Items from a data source
▼▼▼

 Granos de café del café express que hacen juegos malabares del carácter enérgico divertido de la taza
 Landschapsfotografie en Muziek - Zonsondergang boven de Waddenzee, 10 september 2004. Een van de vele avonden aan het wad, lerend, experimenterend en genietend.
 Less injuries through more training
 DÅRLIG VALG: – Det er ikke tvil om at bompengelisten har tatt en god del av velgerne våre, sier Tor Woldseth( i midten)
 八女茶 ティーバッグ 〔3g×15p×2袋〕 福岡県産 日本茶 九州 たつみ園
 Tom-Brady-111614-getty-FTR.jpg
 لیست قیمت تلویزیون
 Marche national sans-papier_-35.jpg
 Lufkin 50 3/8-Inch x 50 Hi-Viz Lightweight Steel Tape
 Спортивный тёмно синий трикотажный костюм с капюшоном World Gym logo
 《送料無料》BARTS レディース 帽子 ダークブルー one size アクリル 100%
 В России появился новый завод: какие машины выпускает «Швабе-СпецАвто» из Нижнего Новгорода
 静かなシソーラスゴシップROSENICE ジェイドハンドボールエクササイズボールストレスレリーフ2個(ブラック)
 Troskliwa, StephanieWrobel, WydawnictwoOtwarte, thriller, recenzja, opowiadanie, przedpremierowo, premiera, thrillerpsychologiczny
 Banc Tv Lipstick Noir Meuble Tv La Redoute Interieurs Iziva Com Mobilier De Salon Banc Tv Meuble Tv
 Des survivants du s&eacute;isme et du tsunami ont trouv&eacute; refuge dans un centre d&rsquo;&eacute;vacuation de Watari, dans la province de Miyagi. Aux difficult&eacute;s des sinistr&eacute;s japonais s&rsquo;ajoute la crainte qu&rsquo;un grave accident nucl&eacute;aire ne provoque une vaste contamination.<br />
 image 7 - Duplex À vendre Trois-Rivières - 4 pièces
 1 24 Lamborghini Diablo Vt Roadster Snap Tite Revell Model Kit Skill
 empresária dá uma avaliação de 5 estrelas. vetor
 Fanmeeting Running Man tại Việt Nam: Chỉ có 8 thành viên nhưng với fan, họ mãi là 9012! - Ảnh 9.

▲▲▲

# WHAT THE TASK REQUIRES:
Your task is to copy every record exactly.

# ANSWER SPACE:
 Granos de café del café express que hacen juegos malabares del carácter enérgico divertido de la taza
 Landschapsfotografie en Muziek - Zonsondergang boven de Waddenzee, 10 september 2004. Een van de vele avonden aan het wad, lerend, experimenterend en genietend.
 Less injuries through more training
 DÅRLIG VALG: – Det er ikke tvil om at bompengelisten har tatt en god del av velgerne våre, sier Tor Woldseth( i midten)
 八女茶 ティーバッグ 〔3g×15p×2袋〕 福岡県産 日本茶 九州 たつみ園
 Tom-Brady-111614-getty-FTR.jpg
 لیست قیمت تلویزیون
 Marche national sans-papier_-35.jpg
 Lufkin 50 3/8-Inch x 50 Hi-Viz Lightweight Steel Tape
 Спортивный тёмно синий трикотажный костюм с капюшоном World Gym logo
 《送料無料》BARTS レディース 帽子 ダークブルー one size アクリル 100%
 В России появился новый завод: какие машины выпускает «Швабе-СпецАвто» из Нижнего Новгорода
 静かなシソーラスゴシップROSENICE ジェイドハンドボールエクササイズボールストレスレリーフ2個(ブラック)
 Troskliwa, StephanieWrobel, WydawnictwoOtwarte, thriller, recenzja, opowiadanie, przedpremierowo, premiera, thrillerpsychologiczny
 Banc Tv Lipstick Noir Meuble Tv La Redoute Interieurs Iziva Com Mobilier De Salon Banc Tv Meuble Tv
 Des survivants du s&eacute;isme et du tsunami ont trouv&eacute; refuge dans un centre d&rsquo;&eacute;vacuation de Watari, dans la province de Miyagi. Aux difficult&eacute;s des sinistr&eacute;s japonais s&rsquo;ajoute la crainte qu&rsquo;un grave accident nucl&eacute;aire ne provoque une vaste contamination.<br />
 image 7 - Duplex À vendre Trois-Rivières - 4 pièces
 1 24 Lamborghini Diablo Vt Roadster Snap Tite Revell Model Kit Skill
 empresária dá uma avaliação de 5 estrelas. vetor
 Fanmeeting Running Man tại Việt Nam: Chỉ có 8 thành viên nhưng với fan, họ mãi là 9012! - Ảnh 9.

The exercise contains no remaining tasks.